China and Kazakhstan have signed many agreements for the Belt and Road Initiative but tangible projects have yet to materialise. Chinese investors blame red tape, while Kazakhs express concern over land reforms and the environment, as Nikkei Asian Review contributing writer Naubet Bisenov reports.

Xi Jinping and Nursultan Nazarbayev

Xi Jinping and Kazakh president Nursultan Nazarbayev

China’s president, Xi Jinping, chose the Kazakh capital of Astana to announce his grand plan for a “new Silk Road” in September 2013. Nearly five years later, the investment push ­– now known as the Belt and Road Initiative (BRI) – has produced plenty of announcements, but not much new business for the central Asian nation.

According to the Kazakh government, the two countries have drafted 51 BRI projects totalling $27bn in the chemical, mining, infrastructure, energy and agriculture sectors to be carried out by Chinese investors in Kazakhstan between 2016 and 2022. Some projects envisage moving industrial enterprises from China to Kazakhstan, but so far few details of such relocations have been released.

“The BRI’s impact on the Kazakh economy is limited at the moment because there has not yet been significant investment in specific projects. It has only been intention in the form of memoranda signed,” says Kassymkhan Kapparov, director at the Almaty-based Bureau for Economic Research. “The investment supposed to come from the newly established Asian Infrastructure Investment Bank has not materialised yet and we don’t see new production facilities appearing in Kazakhstan.”

Chinese commercial banks accounted for a mere 0.3% of total loans in Kazakhstan in 2017, according to a study by think tank The situation may change, however, when Kazakhstan’s Halyk Bank finalises the sale of a 60% stake in its subsidiary Altyn Bank to China Citic Bank and China Shuangwei Investment.

Kazakhstan overview

Different perspectives

Ahead of a state visit to Kazakhstan in June 2017, Mr Xi said in an article that China’s investment in the Kazakh economy had exceeded $42.8bn. But this figure included railway and pipeline projects carried out by Kazakhstan before the announcement of the BRI initiative. 

Some $10bn of Chinese loans were granted in 2009 as part of an agreement with Kazakhstan that allowed Chinese state companies to hold a large stake in the Kashagan oil project. The funds financed a gas pipeline, completed in 2015, from the landlocked country’s west to its population centres in the south.

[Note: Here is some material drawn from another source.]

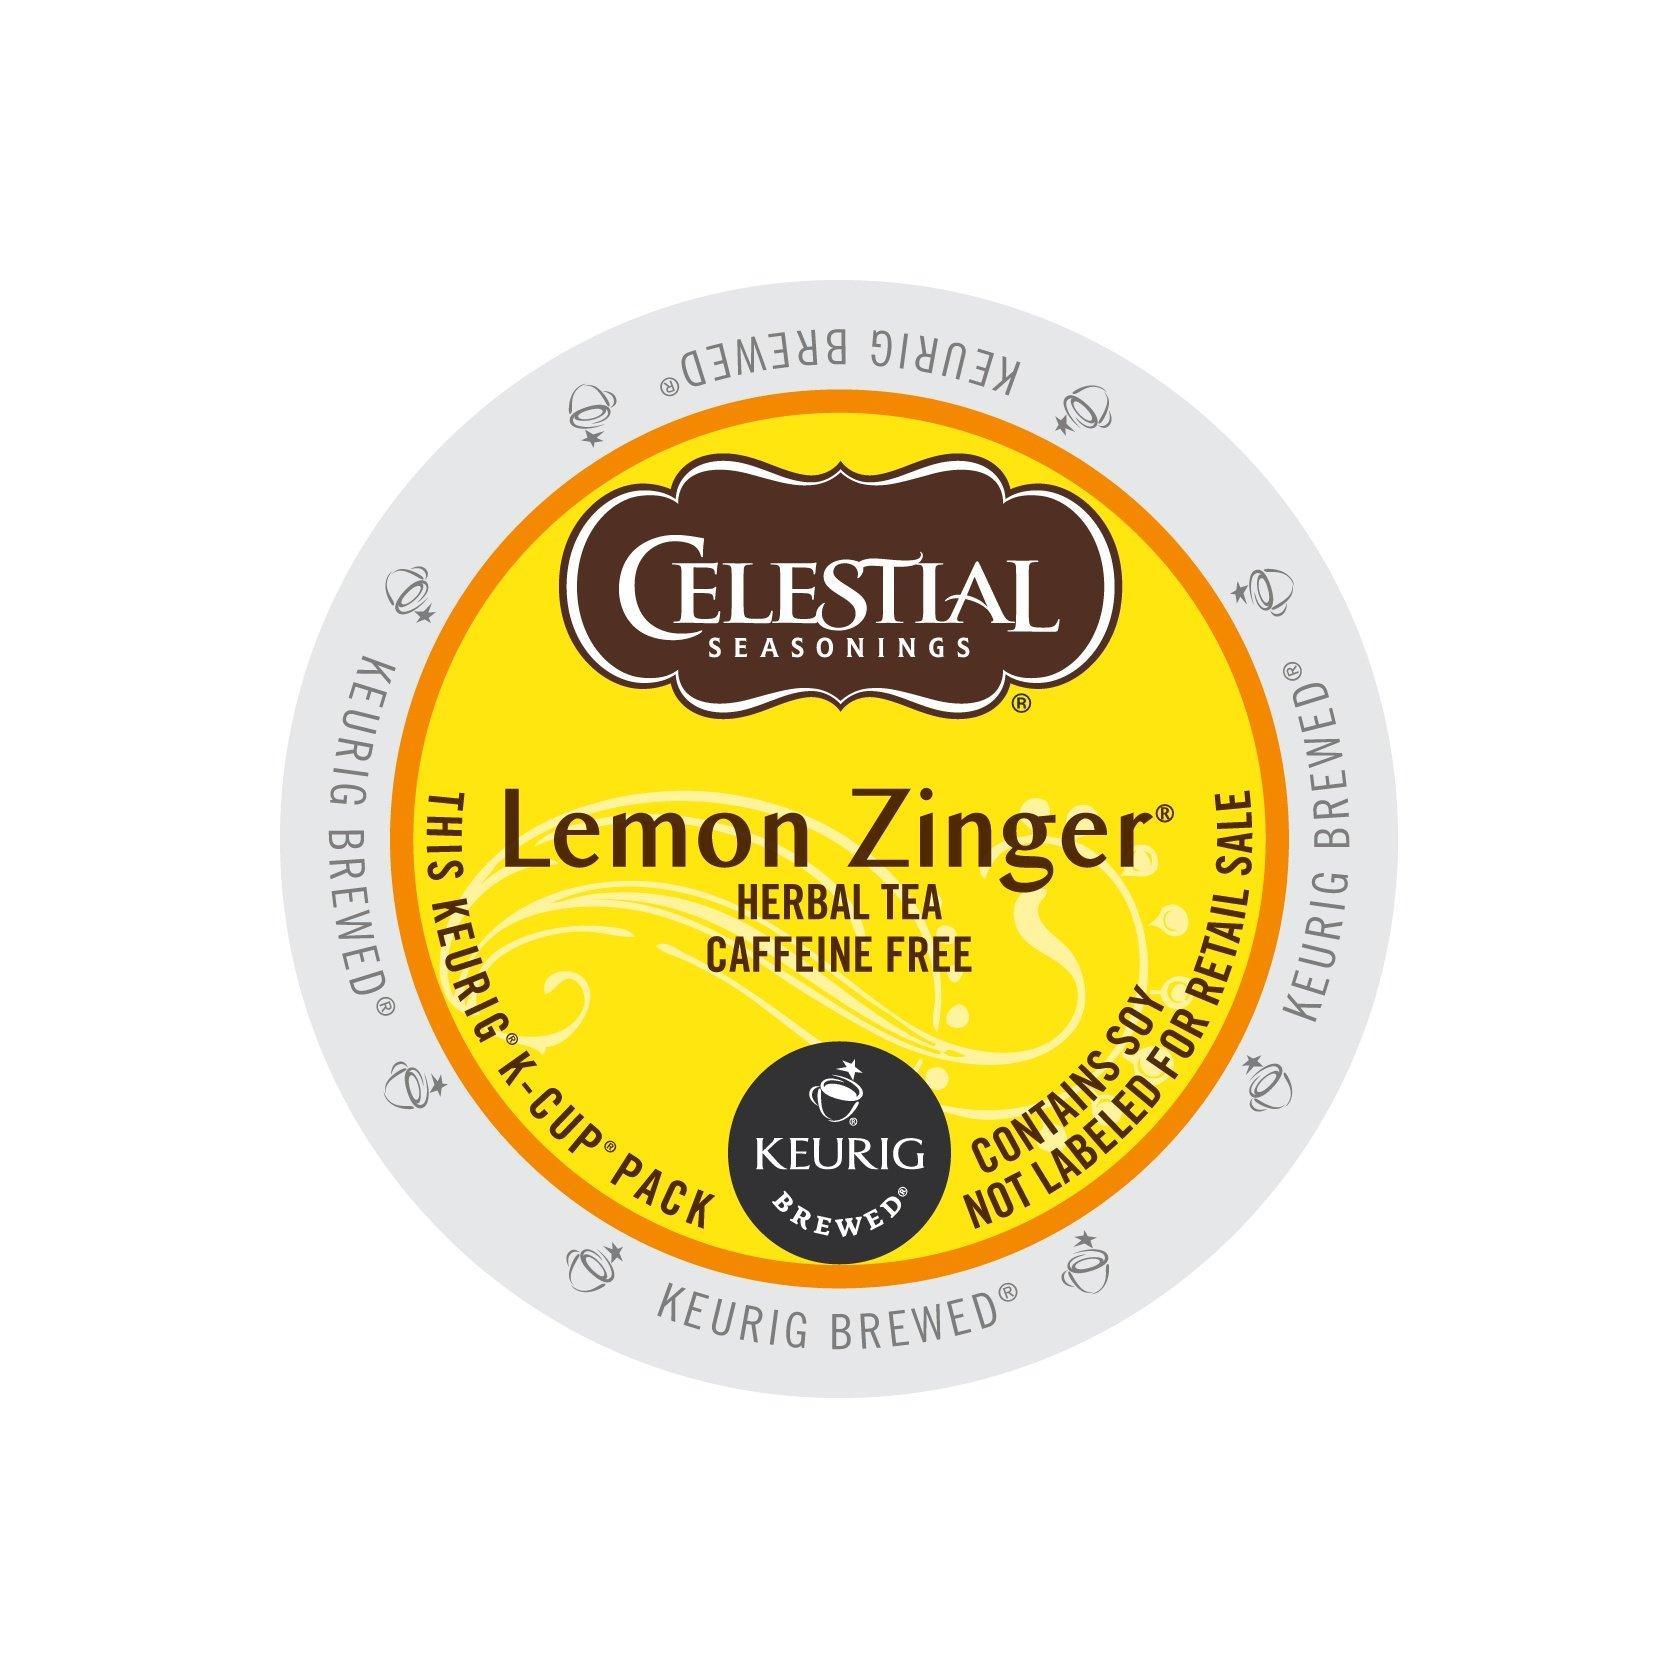 Celestial Seasonings Lemon Zinger Tea, 0.11 oz (12 count),Net Wt 1.3 oz (Pack of 6)

Only a few months after Mr Xi’s article, Chinese investors operating in the country complained that red tape and problems with bringing Chinese staff to Kazakhstan were major obstacles to developing business. As a result, only a handful of projects have been implemented, despite a package of government perks such as the reimbursement of up to 30% of investment and tax exemptions. The Chinese businessmen said they did not know a single investor who had obtained these incentives since being enshrined in legislation three years ago.

Local sentiment

Despite the Kazakh government’s enthusiasm about bringing Chinese investment to the country, there is significant anti-Chinese sentiment among many Kazakhs who have seen no real benefits from the relationship and fear Chinese labour and environmental standards. Kazakhstan’s significant infrastructure investment has yet to translate into tangible benefits for the population, especially after the raw materials-based economy was badly hit by the latest slump in global commodity prices.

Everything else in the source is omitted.